Since you're using NixOS, I guess some kernel configs are also missing for dGPU?
Here are some config fragments from 5.7.6-arch1-1-surface
:
$ zcat /proc/config.gz | grep -i "ACPI_DEBUG"
# CONFIG_ACPI_DEBUGGER is not set
CONFIG_ACPI_DEBUG=y
# CONFIG_THINKPAD_ACPI_DEBUGFACILITIES is not set
# CONFIG_THINKPAD_ACPI_DEBUG is not set
$ zcat /proc/config.gz | grep -i "nouveau"
CONFIG_DRM_NOUVEAU=m
# CONFIG_NOUVEAU_LEGACY_CTX_SUPPORT is not set
CONFIG_NOUVEAU_DEBUG=5
CONFIG_NOUVEAU_DEBUG_DEFAULT=3
# CONFIG_NOUVEAU_DEBUG_MMU is not set
CONFIG_DRM_NOUVEAU_BACKLIGHT=y
CONFIG_DRM_NOUVEAU_SVM=y
$ zcat /proc/config.gz | grep -i "nvidia"

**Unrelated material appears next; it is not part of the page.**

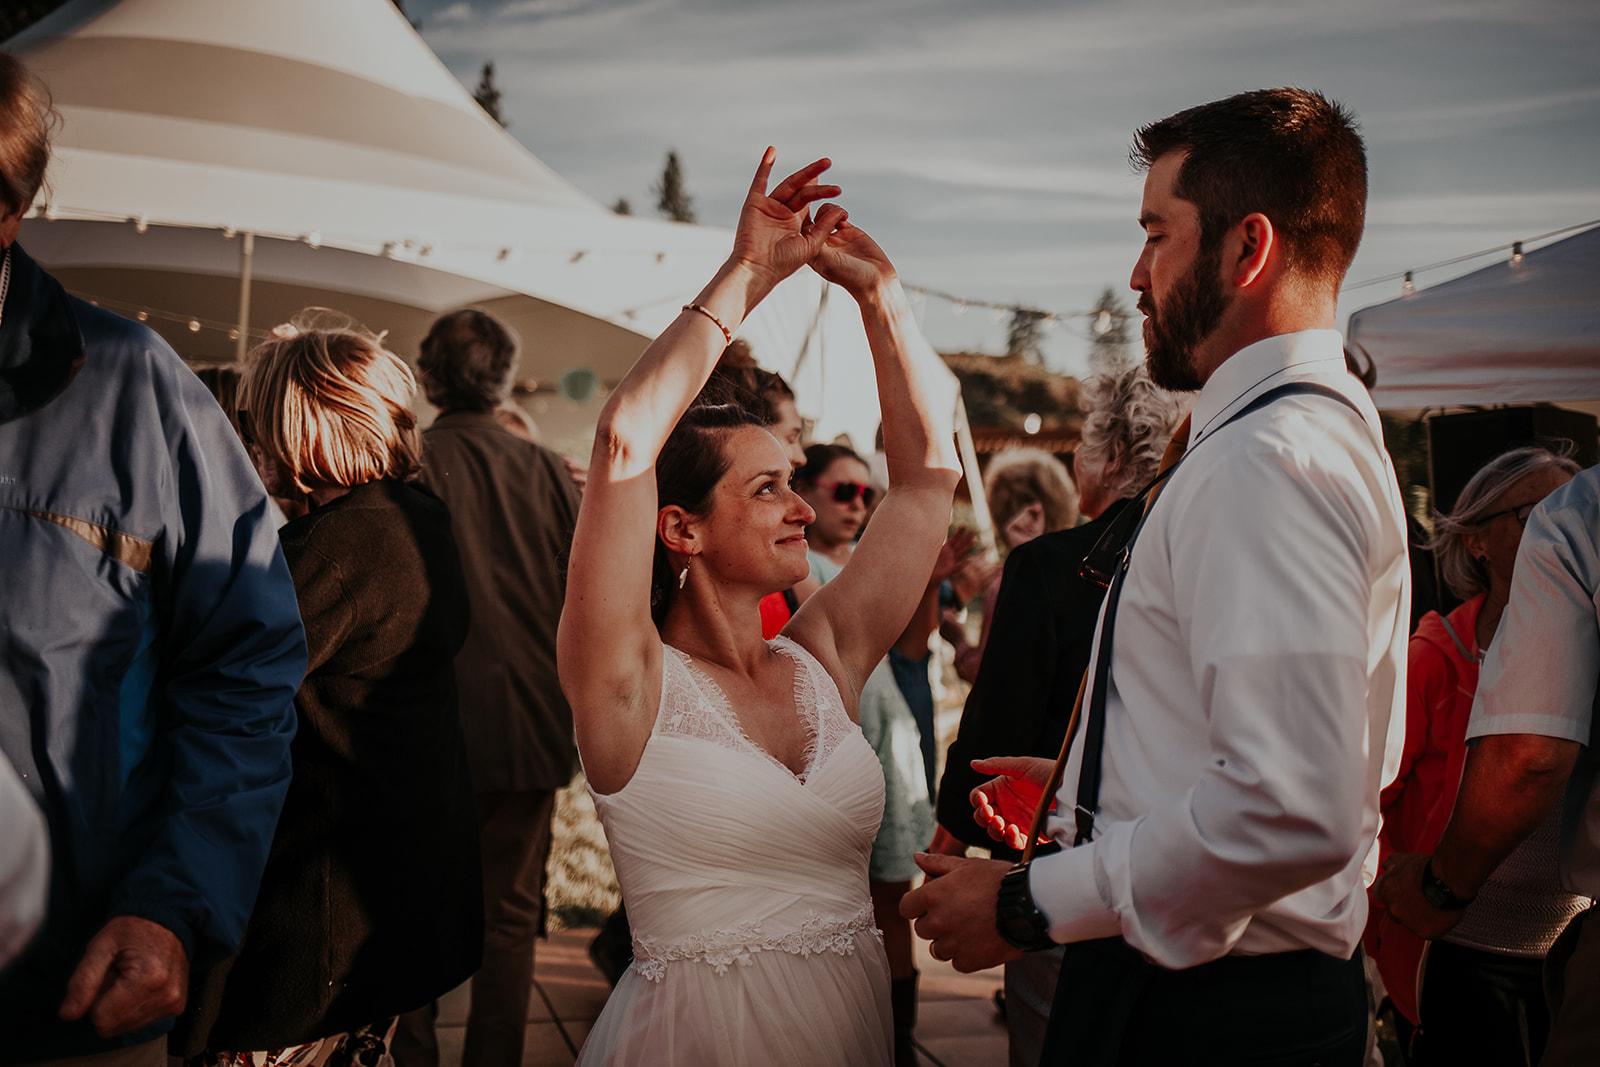 north-cascades-elopement-wedding-winthrop-wedding-photographer-megan-gallagher-photography (30).jpg

CONFIG_NET_VENDOR_NVIDIA=y
CONFIG_I2C_NVIDIA_GPU=m
# CONFIG_FB_NVIDIA is not set
CONFIG_TYPEC_NVIDIA_ALTMODE=m
FYI, upstream Arch Linux's kernel config file is located here: https://git.archlinux.org/svntogit/packages.git/tree/trunk/config?h=packages/linux
It may also be helpful to attach your entire kernel config here.
On 5.7.6-arch1-1-surface
:
$ lsmod | grep nouveau
nouveau 2375680 1
mxm_wmi 16384 1 nouveau
wmi 36864 2 mxm_wmi,nouveau
ttm 118784 1 nouveau
i2c_algo_bit 16384 2 i915,nouveau
drm_kms_helper 258048 2 i915,nouveau
drm 581632 17 drm_kms_helper,i915,ttm,nouveau
agpgart 53248 5 intel_agp,intel_gtt,ttm,nouveau,drm
According to the lsmod output, the following configs may be necessary:
$ zcat /proc/config.gz | grep -i "mxm_wmi"
CONFIG_MXM_WMI=m
$ zcat /proc/config.gz | grep -i "ttm"
CONFIG_DRM_TTM=m
CONFIG_DRM_TTM_DMA_PAGE_POOL=y
CONFIG_DRM_TTM_HELPER=m
Here's my /proc/config.gz
https://gist.github.com/0d5a5b6cbff6765bc73521c1714c9558
I had to manually modprobe nouveau
to get this, but my lsmod | grep nouveau
looks fine:
$ lsmod | grep nouveau
nouveau 2183168 0
mxm_wmi 16384 1 nouveau
wmi 28672 2 mxm_wmi,nouveau
ttm 110592 1 nouveau
led_class 20480 3 input_leds,hid_corsair,nouveau
drm_kms_helper 172032 2 i915,nouveau
drm 479232 14 drm_kms_helper,i915,ttm,nouveau
agpgart 40960 4 intel_gtt,ttm,nouveau,drm
i2c_algo_bit 16384 2 i915,nouveau
i2c_core 77824 8 i2c_designware_platform,i2c_hid,i2c_designware_core,drm_kms_helper,i2c_algo_bit,i915,nouveau,drm
video 45056 2 i915,nouveau
backlight 20480 3 video,i915,nouveau
button 20480 1 nouveau
\_SB.PCI0.RP05.HGON
has no effect after modprobe nouveau
either, and neither does toggling HGOF
then HGON
. Same delay as well.
It looks like it is the correct i2c bus as well (figured I'd check, not really sure on the details of fun embedded HW stuff)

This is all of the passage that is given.